*** Information supplied Section Begins ***
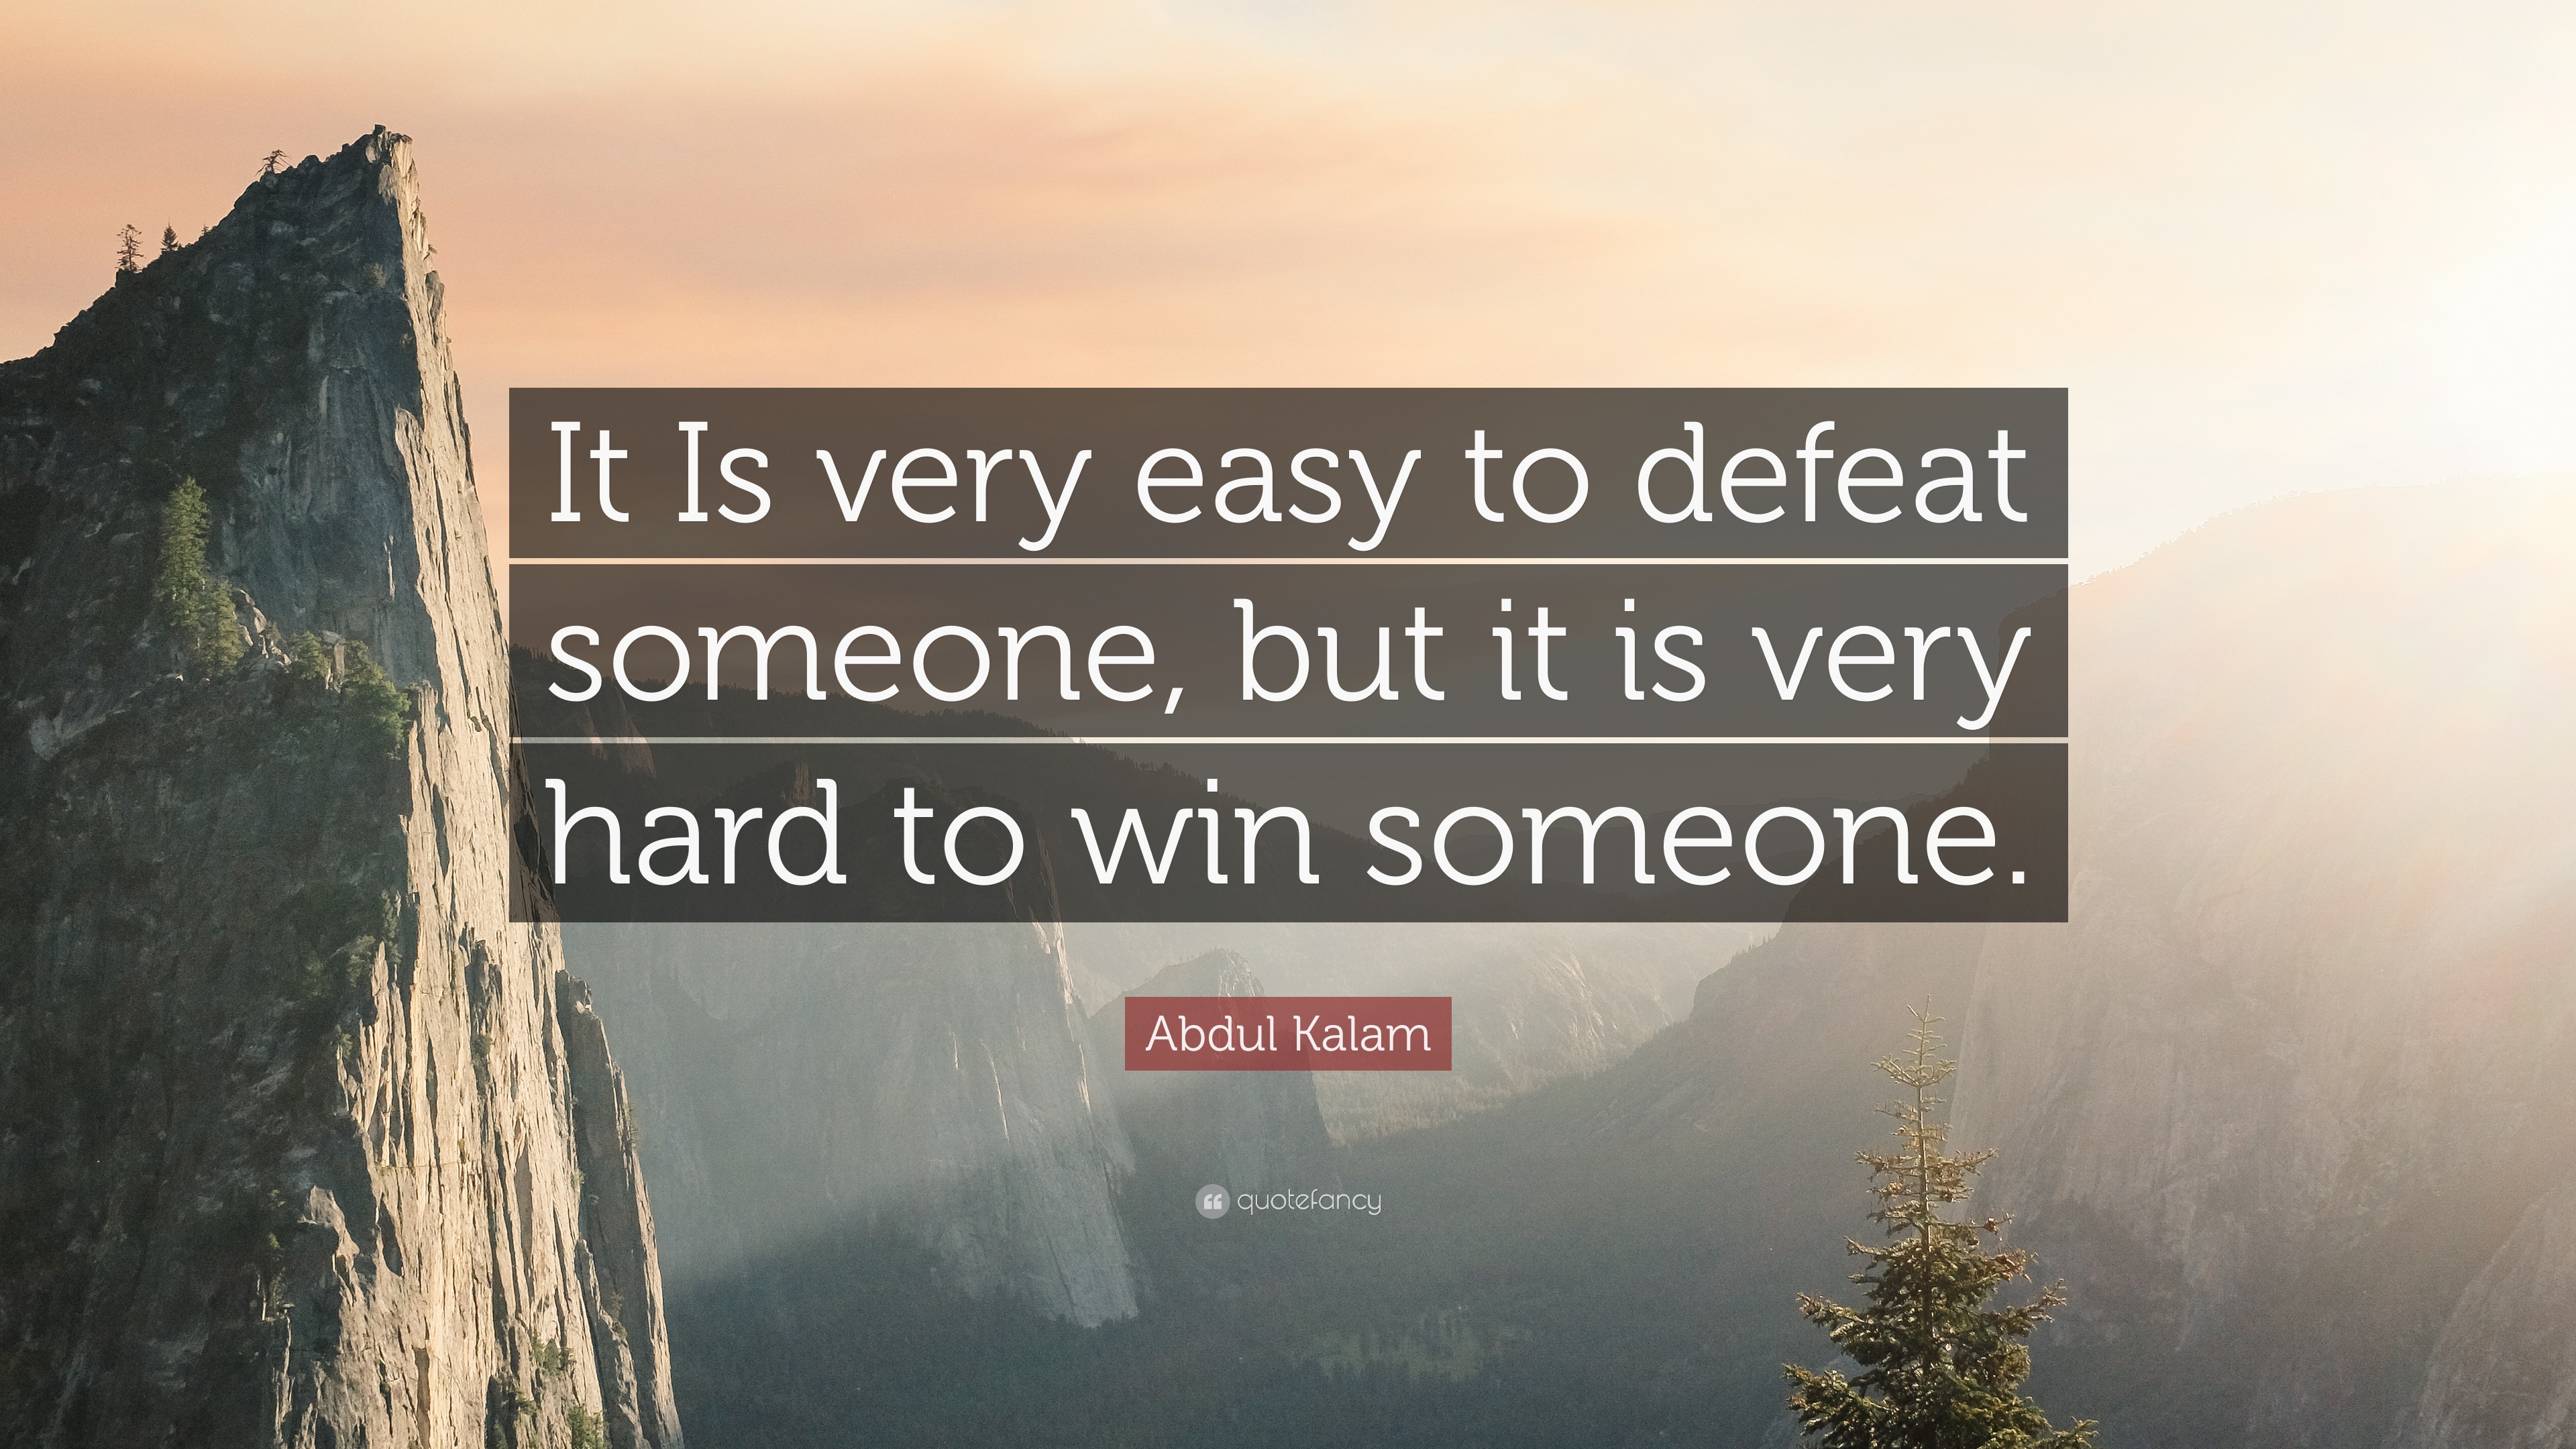 Abdul Kalam Quote: “It Is very easy to defeat someone, but it is very hard  to
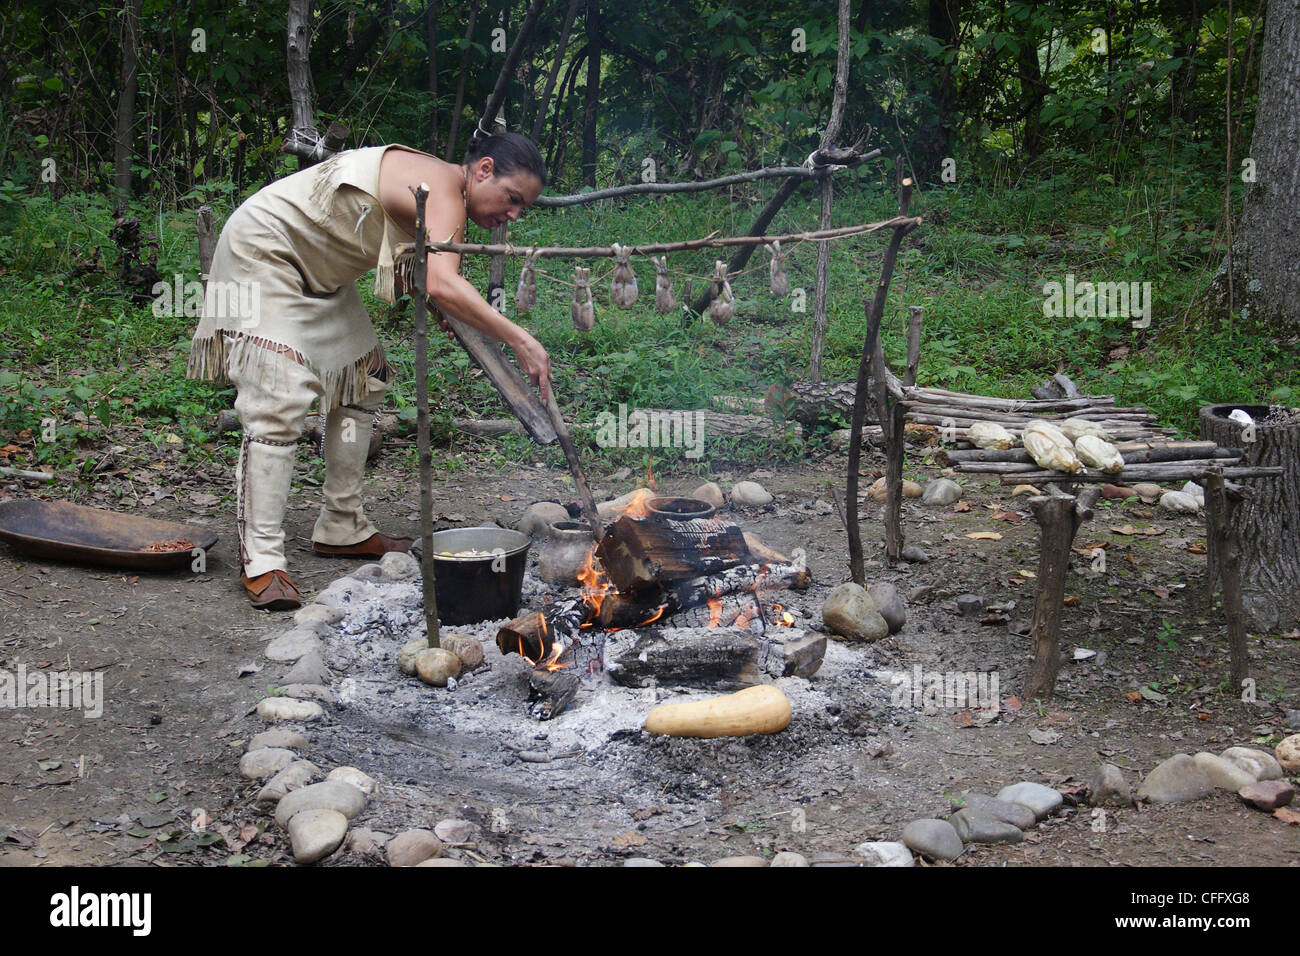 Native American woman cooking 17th century meal during Publick Days event at Henricus historical site in Virginia. Stock Photo
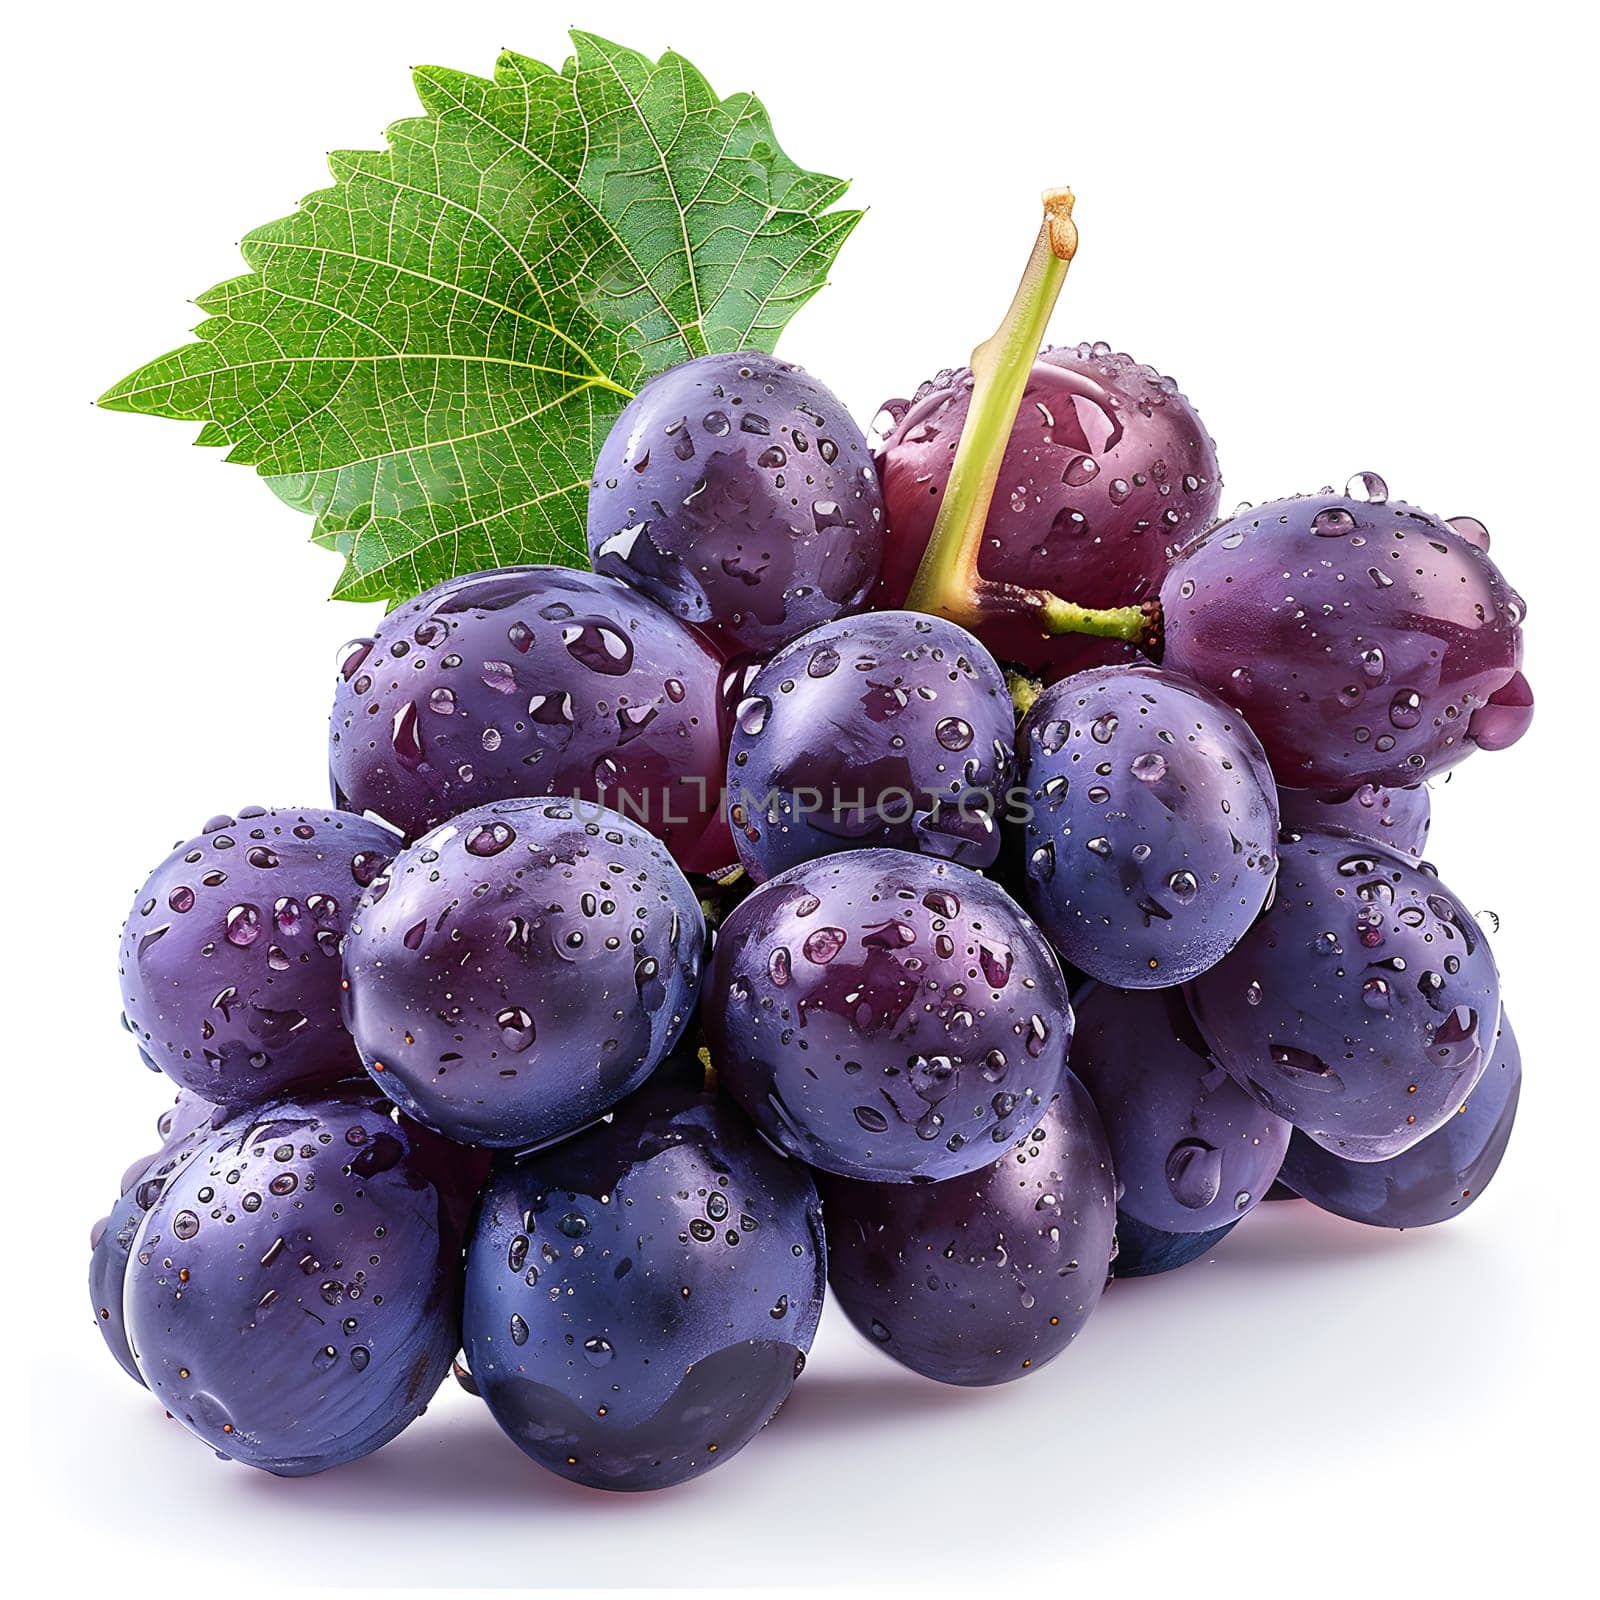 A bunch of purple grapes, a seedless fruit, with a green leaf on a white background. This natural food ingredient is a type of berry and a popular produce for tableware
*** Information supplied Section Ends ***
Task instructions: Give back the full listing exactly, with pictures dropped.

Answer section:
 Abdul Kalam Quote: “It Is very easy to defeat someone, but it is very hard  to
 Native American woman cooking 17th century meal during Publick Days event at Henricus historical site in Virginia. Stock Photo
 A bunch of purple grapes, a seedless fruit, with a green leaf on a white background. This natural food ingredient is a type of berry and a popular produce for tableware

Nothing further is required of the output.